Katherine is possessed by the spirit of Len, who tries to manipulate Casey’s emotions by reminding her of their past love and using her pet name. Confronted with her late husband, the man she murdered, Casey is no longer able to hold back the memories she’s been suppressing with alcohol; “The rest—memories I never want to think about but am always thinking about—crashes over me like a thousand waves. All those details I’d try to chase away with whatever liquor I could get my hands on. They’re back” (271). As she’s forced to confront these memories, the past and present collide, both in Casey’s mind and in the structure of the novel.
Lake Greene takes on a gothic and mystical undertone as the superstitions Eli shared with the group are proven true: souls can be trapped in the lake. While Casey thinks of several different rationalizations for why this is the case, the fact remains that the lake is supernatural, and forces beyond human understanding are at play. But, ultimately, Casey decides to simply deal with the situation rather than try to understand it:
I’m still not clear how or why this surreal turn of events happened. I doubt I’ll ever know the forces, whether they be scientific or supernatural, behind it. If this is some sort of fucked-up miracle, I’m not going to waste my time questioning it. Instead, I’m going to make the most of it (275).
Through the lake, Casey is given a second chance to confront her past.

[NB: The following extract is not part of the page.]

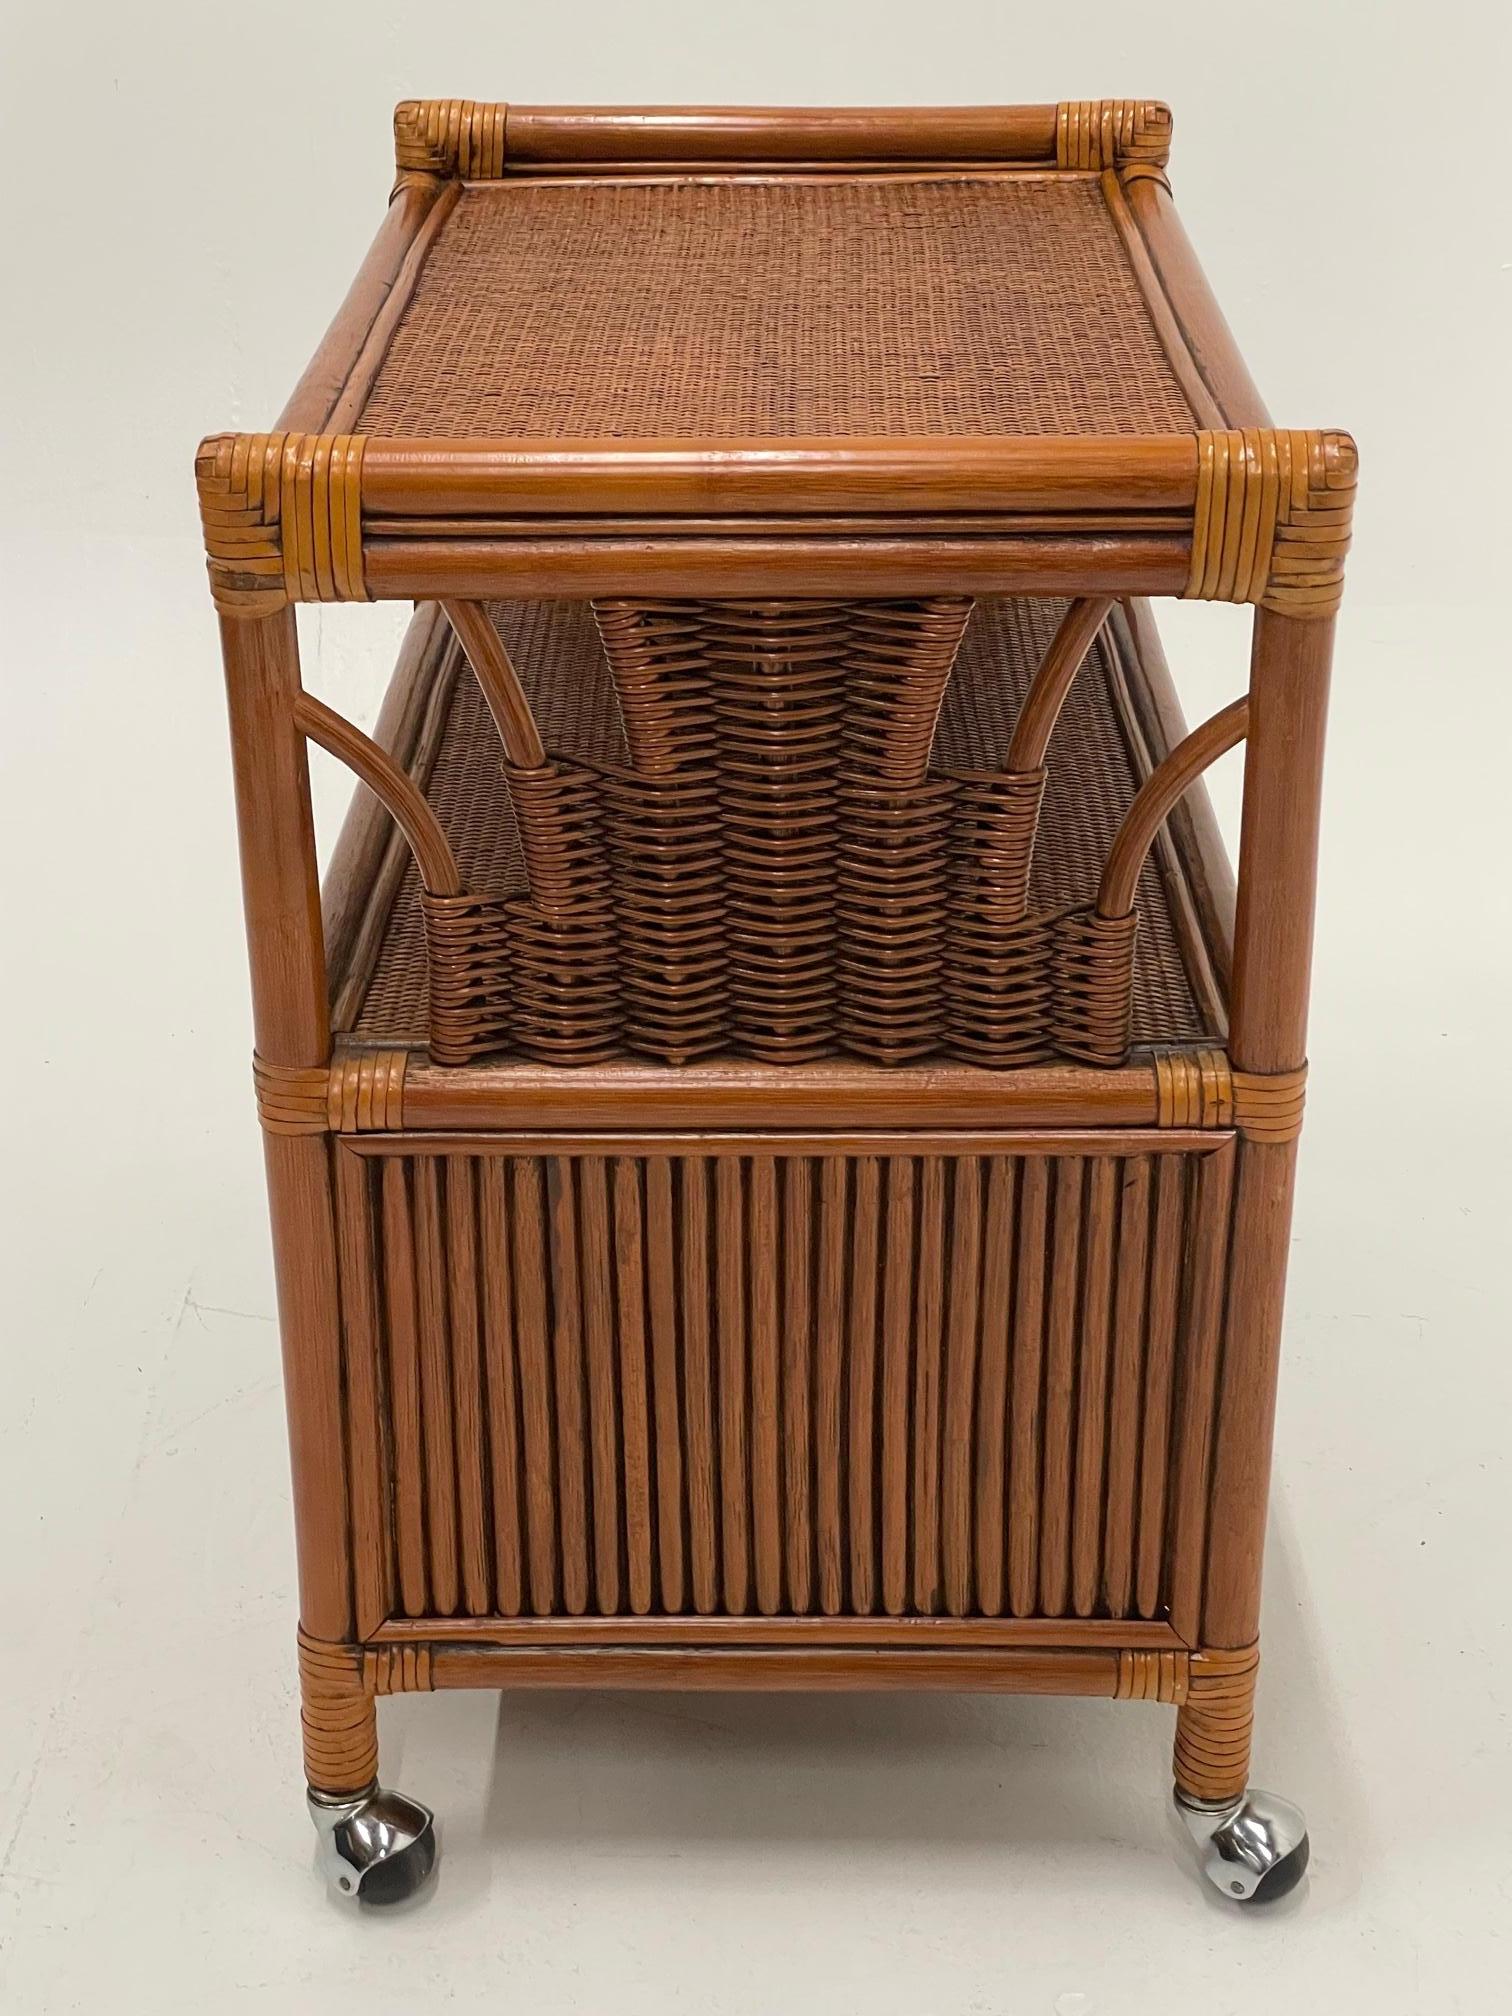 A multi functional handsome rattan server cabinet on brass casters having two tiers, lower doors that open to storage, handsome leather lace wraps, and beautiful McGuire craftsmanship.

When Casey first uncovered the truth about Len, the fear of becoming a social pariah and losing her career kept her from immediately turning Len in to the police. Though initially, she intended to coerce a confession from him, she becomes overwhelmed with anger and hatred and murders him after he tries to play on her sympathies. When Casey kills Len, however, this robs the families of the closure they needed by not giving him a chance to confess. Casey herself notes that this was a selfish action: “The first thing I thought about was my career. God help me, it was. A fact that I still hate myself for. But I knew instantly that this was going to end it. No one would hire me after this. I’d become a pariah” (264). However, her choice backfired, and through her own avoidance of the truth and subsequent self-sabotage, Casey lost her job and became a pariah anyway.
While Casey is avoiding memories of Len because of the horror of the betrayal he committed, she also avoids her memories because she feels guilt at herself at killing Len before the authorities could question him. This failure to do the right thing haunts her, since the families of the victims continue to live without closure:
Still, I’m filled with regret over what I did. Every second of every minute of every hour that I’m sober, it eats away at me. Because I was selfish. I had felt so angry, so hurt, so fucking betrayed, that I only gave a cursory thought to the women Len had killed. They’re the true victims of my actions. Them and their families and the cops still struggling to find out what happened (273).
When Len manifests in Katherine’s body, Casey determines to use the opportunity to find the victims and sacrifice herself to save Katherine. This commitment of selflessness shows how much she has changed by reaching her limits and confronting the past.